Quality and Operations (critic — what proves the server WORKS):

testing-mcp-servers.md — golden-conversation regression, replay traces, deterministic test harnesses, agent-driven eval, "we asked Claude and it worked once" is not a test
observability-for-tool-calls.md — per-call telemetry, retry visibility, idempotency-key tracing, surfacing of duplicate execution, dashboards that answer "was that one execution or four?"
mcp-server-smells.md — catalogued anti-patterns: overlapping-tools, tool-as-CRUD-mirror, error-as-stack-trace, parameter-the-agent-cannot-fill, return-shape-that-blows-budget, retry-amplification, schema-drift-without-bump, namespace-collision, resource-that-should-be-a-tool, tool-that-should-be-a-resource

Boundary sheet (absorbed into the routing table for v0.1.0; promoted to its own sheet if the routing question becomes a recurrent ask): mcp-boundary-and-handoffs — where this pack stops; cross-pack handoffs to /web-backend, /llm-specialist, /procedural-architecture, /audit-pipelines.

v0.1.0 Scope

This is the scaffold release. Shipped:

This router (using-mcp-engineering/SKILL.md).
Plugin metadata (plugin.json).

Not yet shipped (roadmap for v0.2.0+):

The 13 reference sheets.
The three slash commands (/design-mcp-server, /review-mcp-server, /audit-mcp-tools).
The two SME agents (mcp-server-architect, mcp-server-critic).
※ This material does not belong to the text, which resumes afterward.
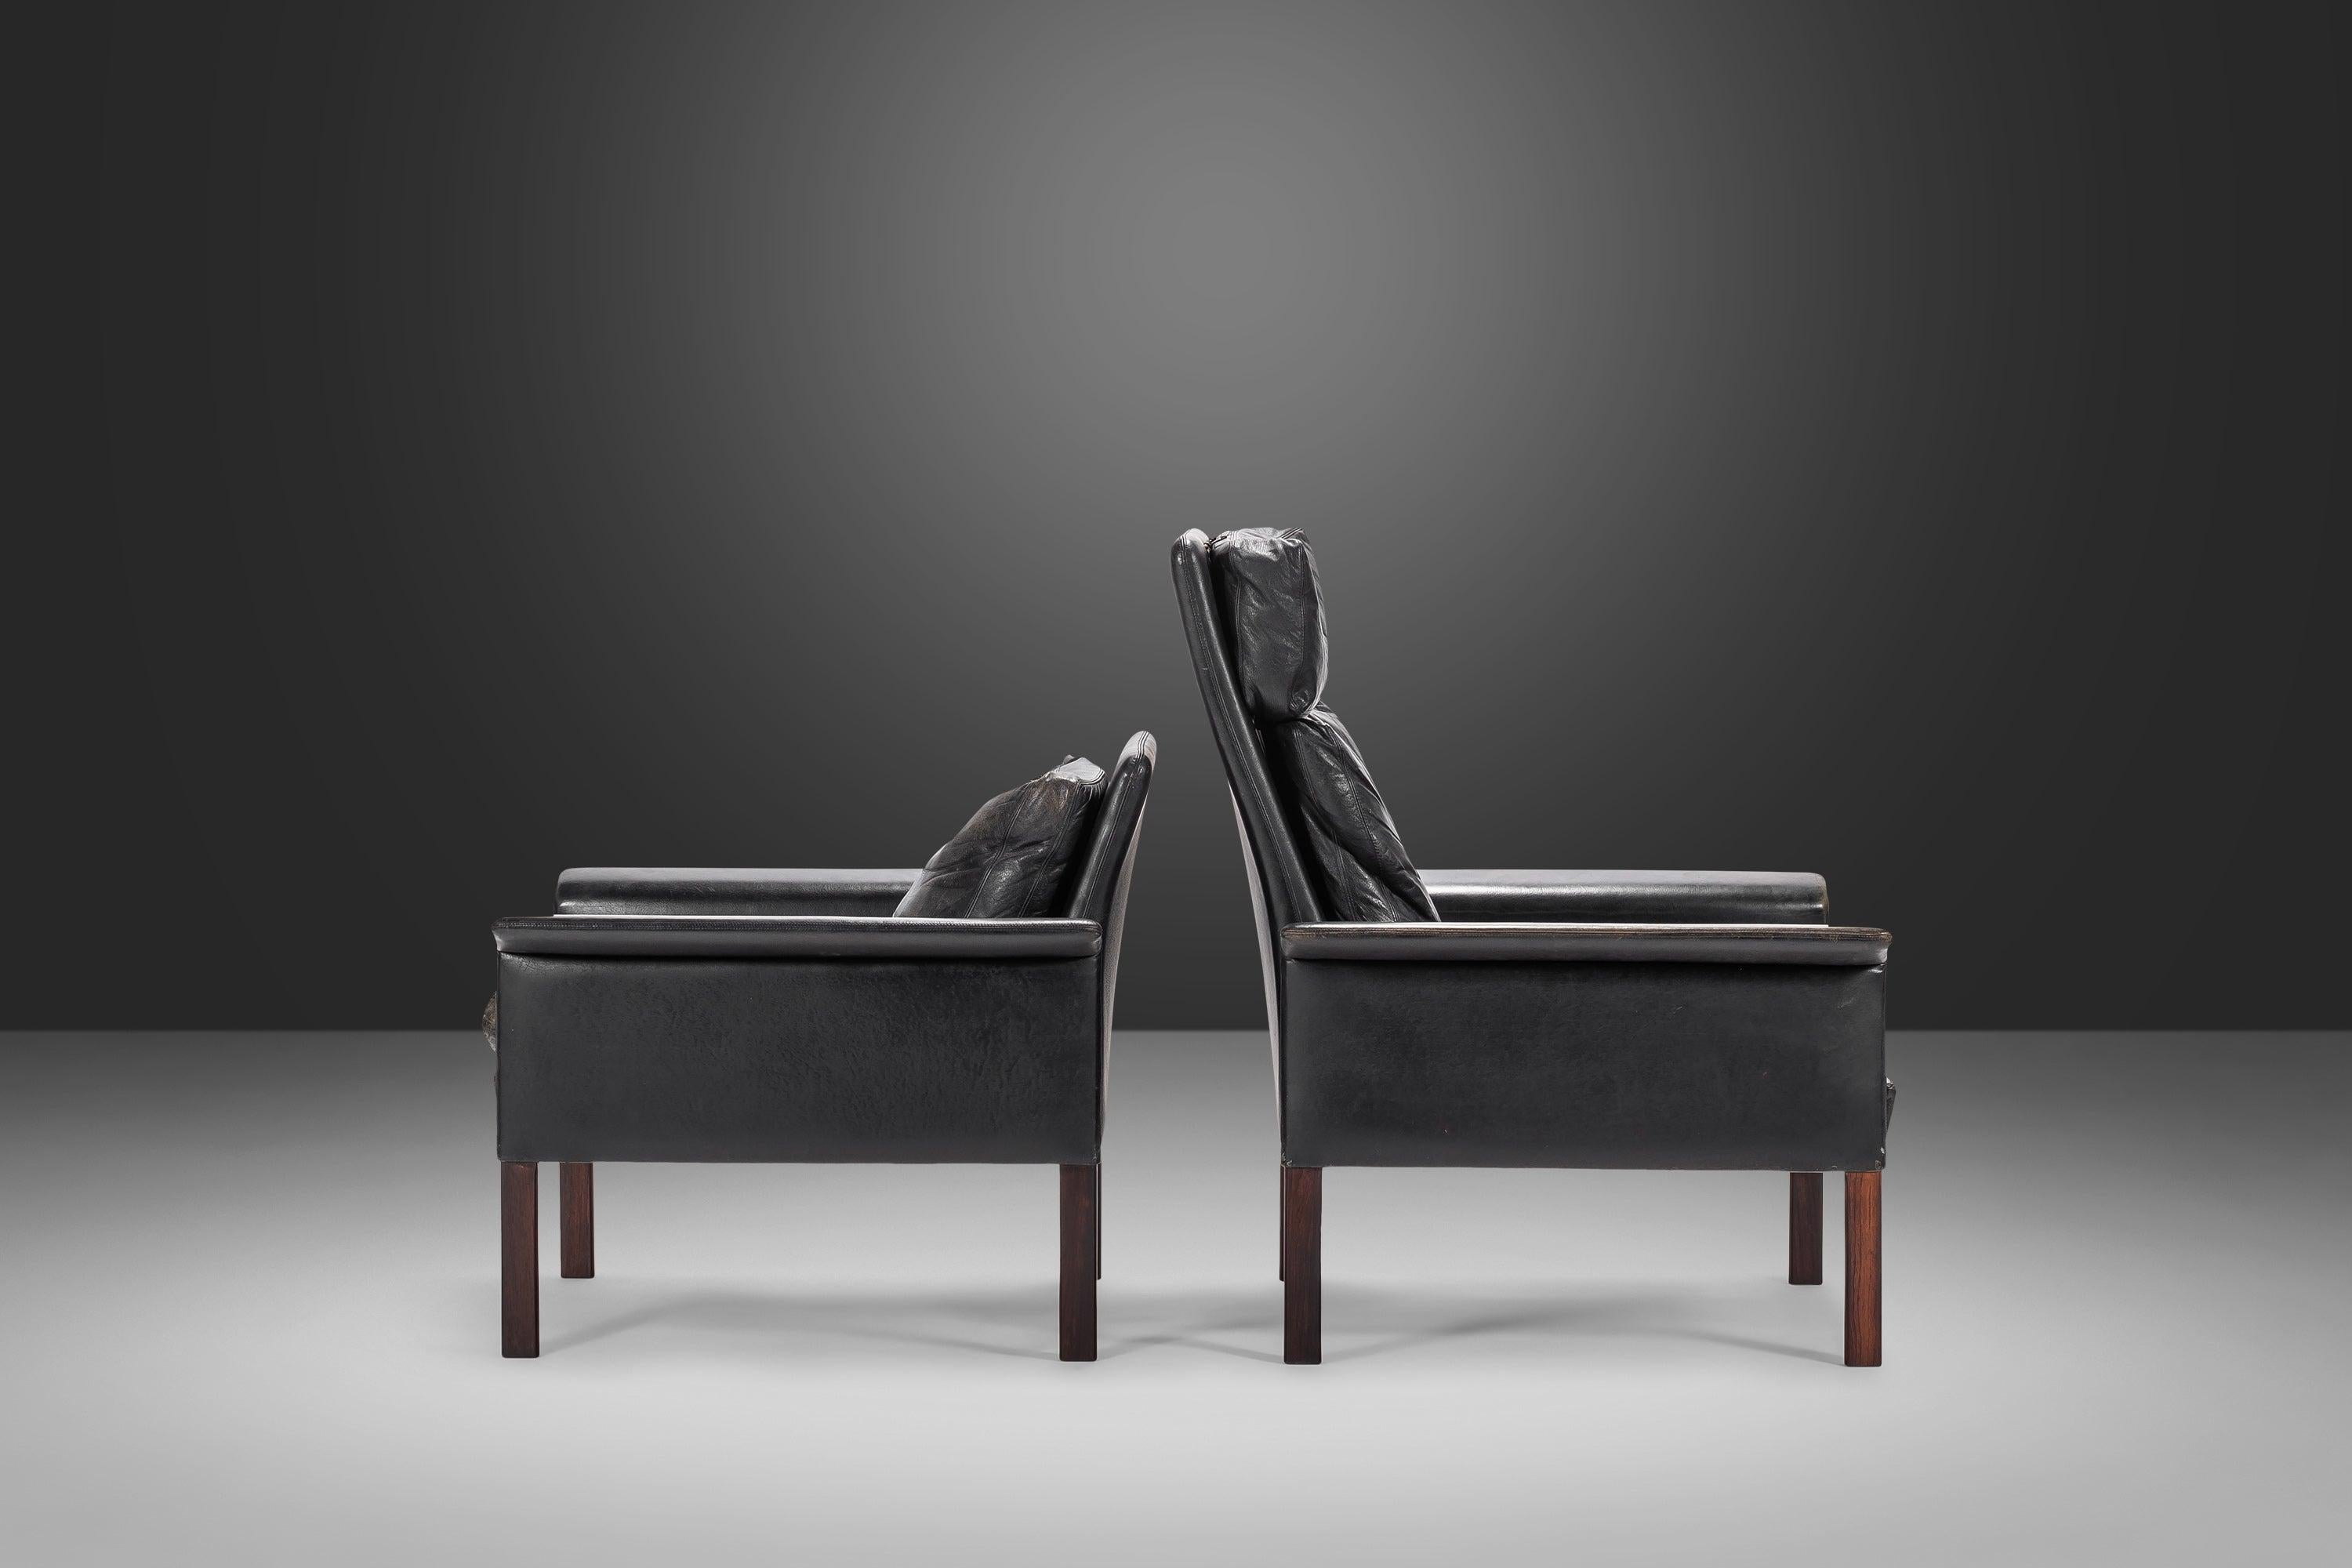 Perfectly worn in black leather and rosewood model #500 his and hers lounge chairs by Hans Olsen for CS Møbler Glostrup made in Denmark. Constructed of solid Brazilian rosewood and original patina'd genuine leather this modern design is

The router is intentionally self-supporting: a producer or critic can extract substantial value from the routing table, role architecture, and consistency gate below before any sheet is written. Sheets exist to deepen the discipline, not to substitute for thinking about it.

Consistency Gate

Run this checklist before declaring any architect or critic deliverable done. Failures are blocking, not advisory. Silent passes are the failure mode this pack exists to prevent.

Every tool has an agent-voice intent statement. Not "updates the issue record" but "marks an issue as in-progress so other agents do not claim it." The intent is what the LLM reads to decide whether to call the tool; if the intent describes the implementation rather than the effect-an-agent-cares-about, the tool is mis-described and will be mis-called.
Every tool with a side effect declares an idempotency guarantee. "Calling this tool twice with the same arguments has effect X" where X is one of: no-op-after-first (idempotent), adds-twice (non-idempotent, agent must coordinate), fails-second-call (uniqueness-protected), requires-claim-lease (atomic-via-lease). "It depends" is not a guarantee.
Every tool's return shape has a stated context-budget profile. Either bounded (returns ≤ N tokens by construction) or paginated (returns first page with cursor) or explicitly-may-be-truncated (agent must call detail-tool for full payload). A tool whose return shape grows with the database is a defect waiting for the median-input incident.
Every error envelope tells the agent what to do. Three classes minimum: retry-safe (transient; agent may retry with same args), retry-with-changes (input was wrong in a stated way; agent must alter args), fatal (no agent-side recovery; surface to user). A stack trace is none of these. "Internal server error" is none of these.
Schema changes that are not backward-compatible bump the server capability. A parameter renamed, a return field type-changed, a tool removed, a permission tightened — all of these are visible to the agent in the protocol, not invisible behind a server version bump. Per schema-versioning-and-drift.md once it exists; until then, follow the protocol's capability-negotiation envelope.
Every tool's concurrency contract is stated. "Safe to call concurrently with itself and with all other tools" is a contract. "Serialised on the issue ID" is a contract. "Undefined" is a defect, not a contract.
At least one golden-conversation regression test exists per shipping tool. Not "we asked Claude to use it and it worked." A canonical conversation, captured, replayable, that fails loudly when a tool description or return shape regresses. If the surface is not regression-protected, every new model version is a release candidate by default.
Smells from sheet 13 (mcp-server-smells.md) actively considered. Each catalogued anti-pattern (overlapping-tools, tool-as-CRUD-mirror, error-as-stack-trace, parameter-the-agent-cannot-fill, return-shape-that-blows-budget, retry-amplification, schema-drift-without-bump, namespace-collision, resource-that-should-be-a-tool, tool-that-should-be-a-resource) was checked against the surface. "No smells found" without enumerating the catalog is a skipped check.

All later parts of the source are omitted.